Word for word and without images, reproduce the listing that follows.

▶ [Recorded data]:
┌──

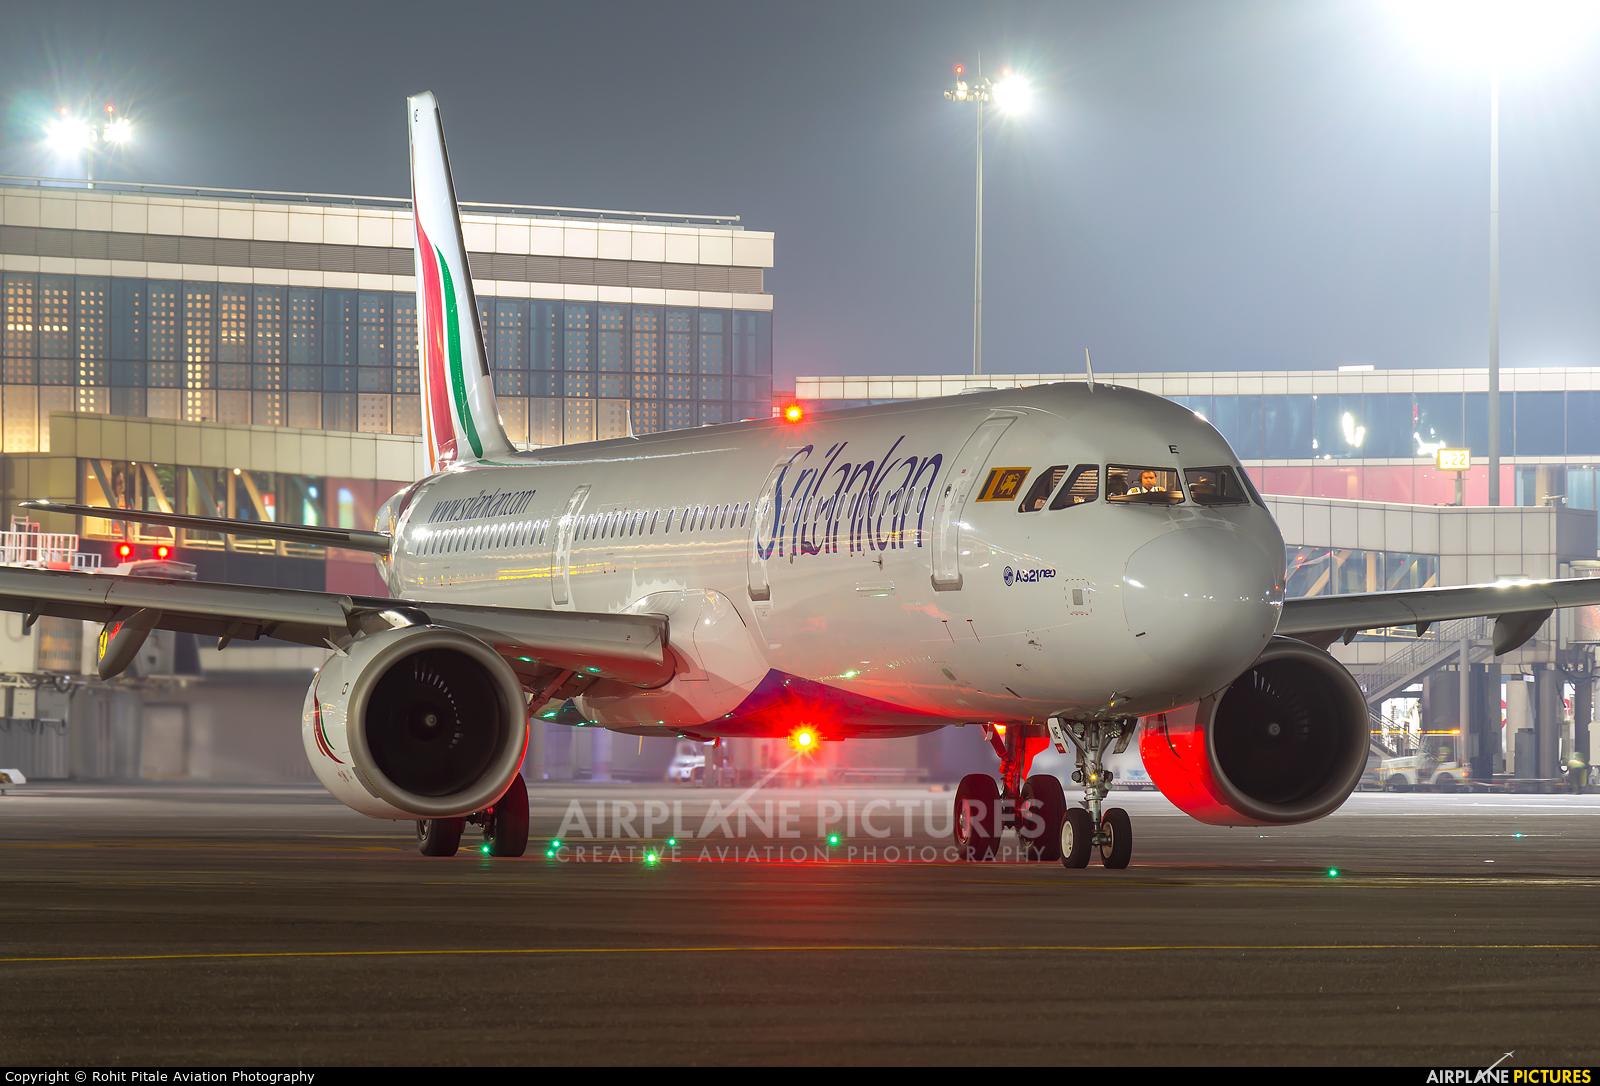 SriLankan Airlines 4R-ANE aircraft at Mumbai - Chhatrapati Shivaji Intl
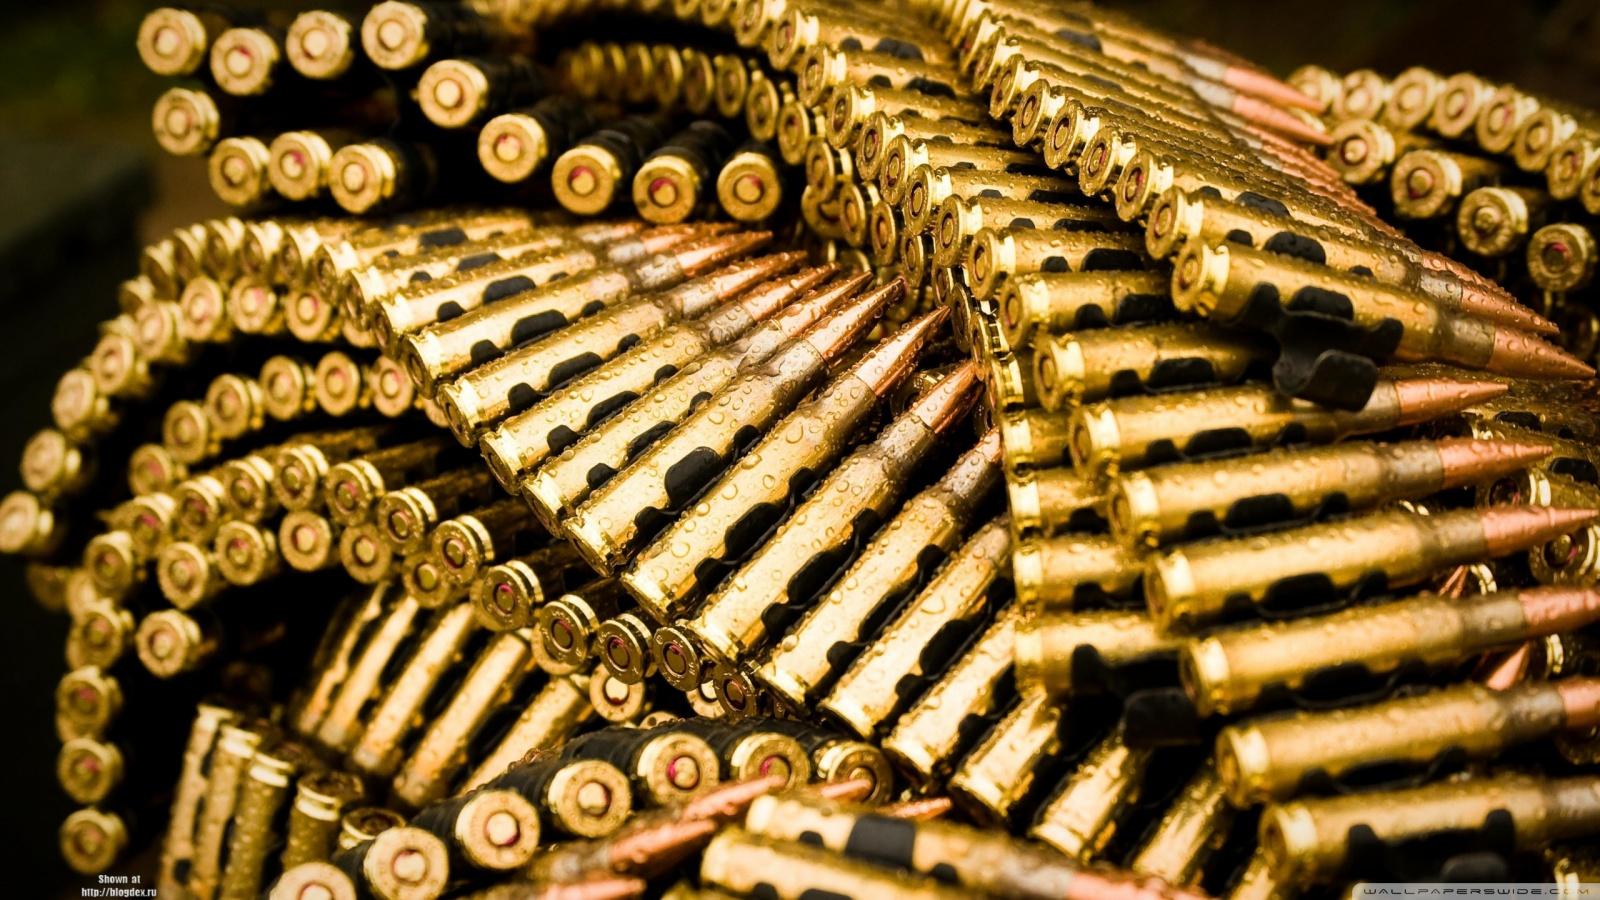 GUN vs GUTS: BULLET CHAIN HD WALLPAPER
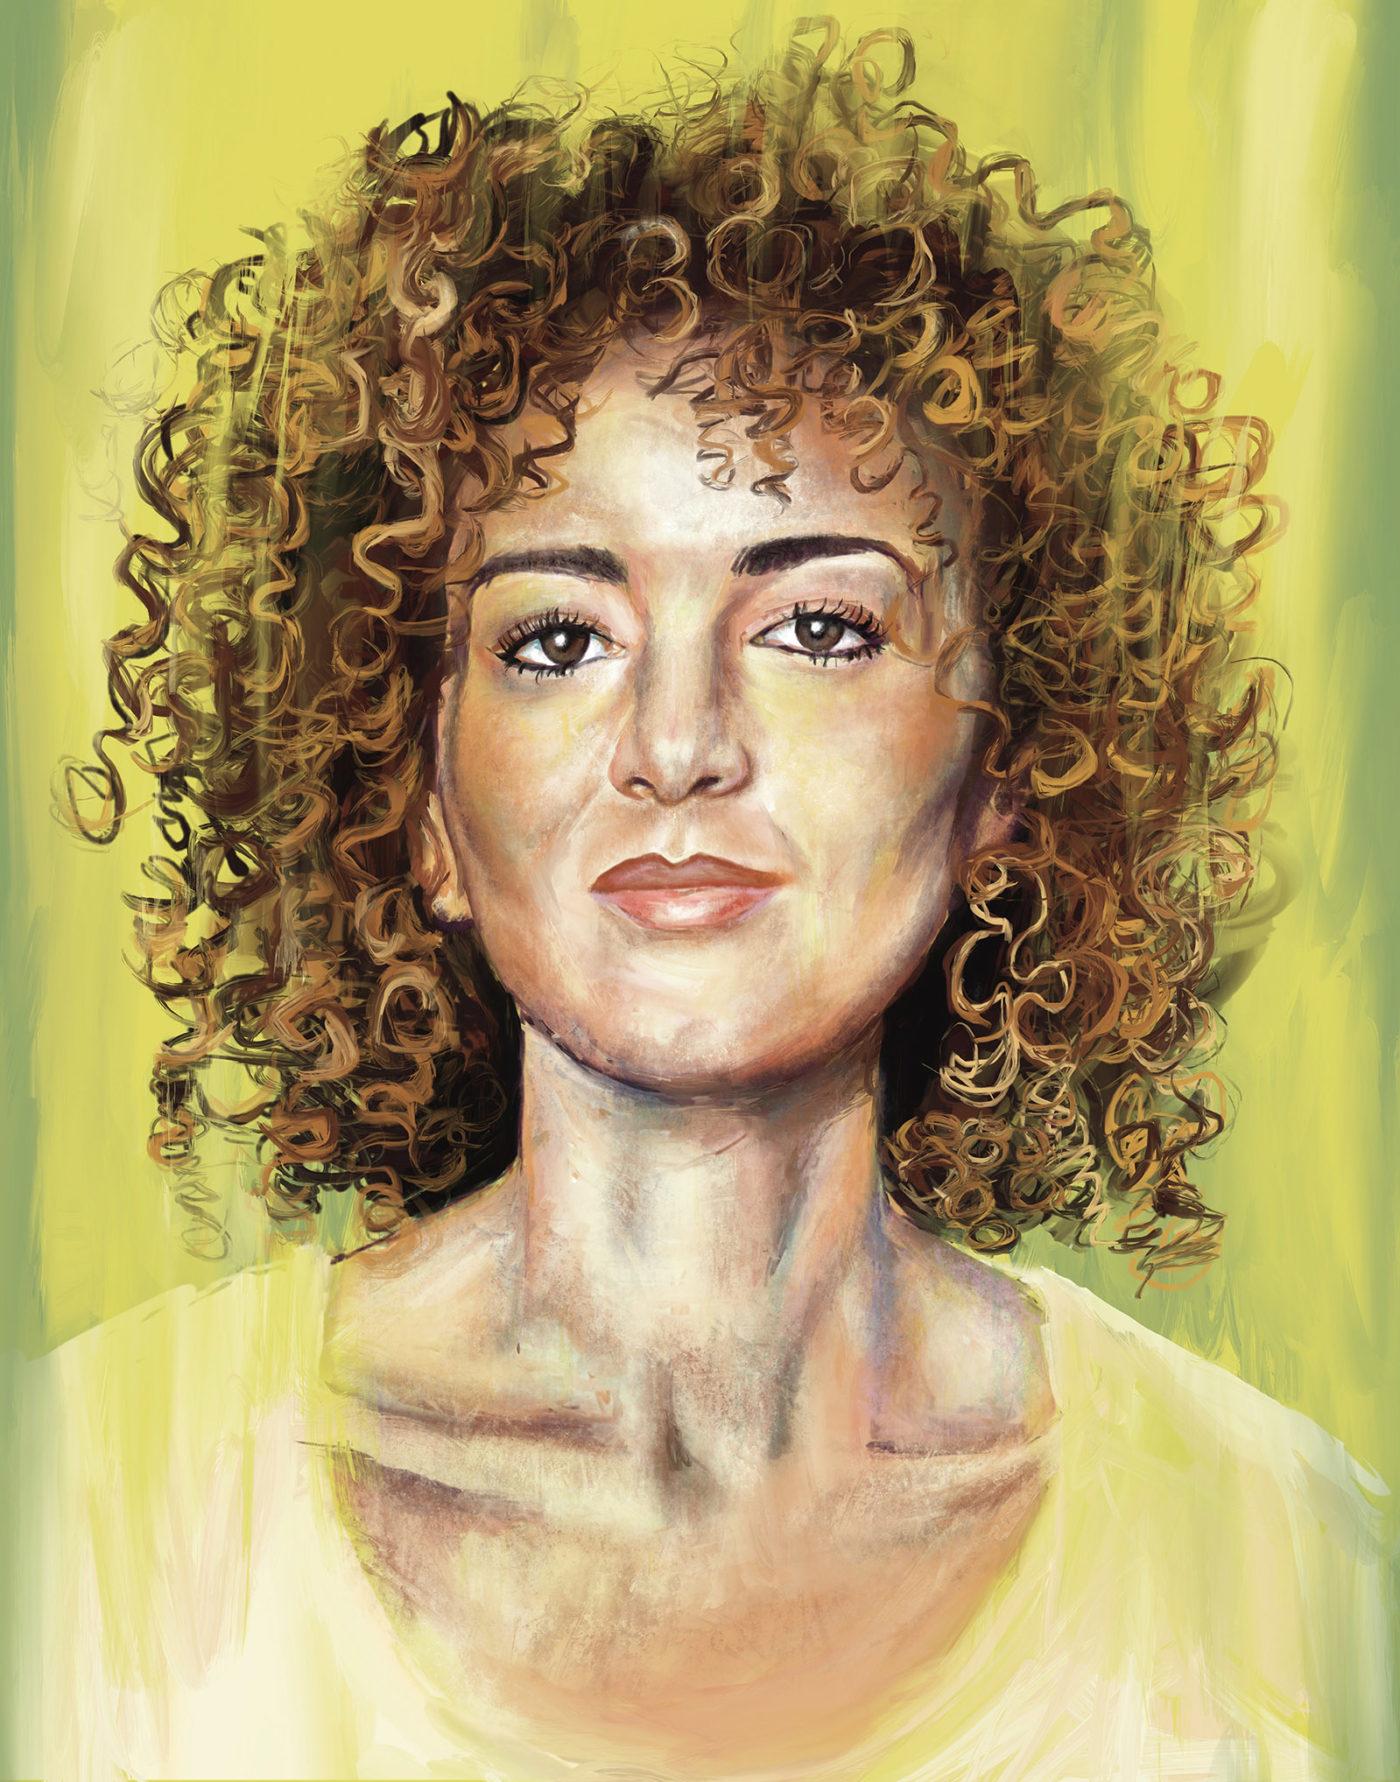 Leila Slimani; illustration by Johnalynn Holland
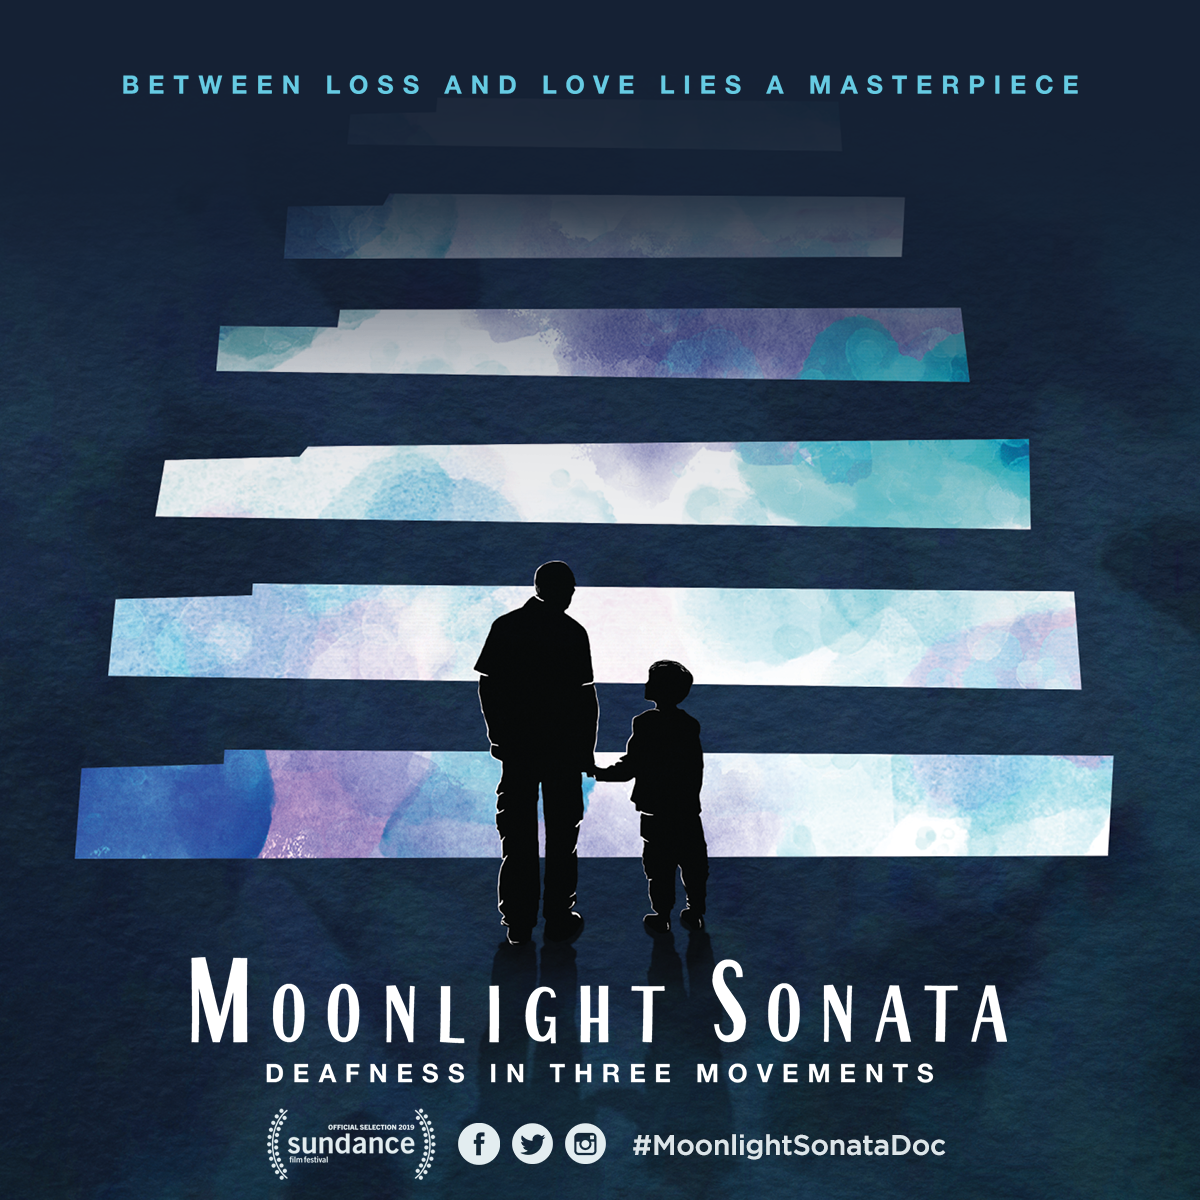 MoonlightSonata_1200x1200_1.png

└──

▶ [Final answer]:
 SriLankan Airlines 4R-ANE aircraft at Mumbai - Chhatrapati Shivaji Intl
 GUN vs GUTS: BULLET CHAIN HD WALLPAPER
 Leila Slimani; illustration by Johnalynn Holland
 MoonlightSonata_1200x1200_1.png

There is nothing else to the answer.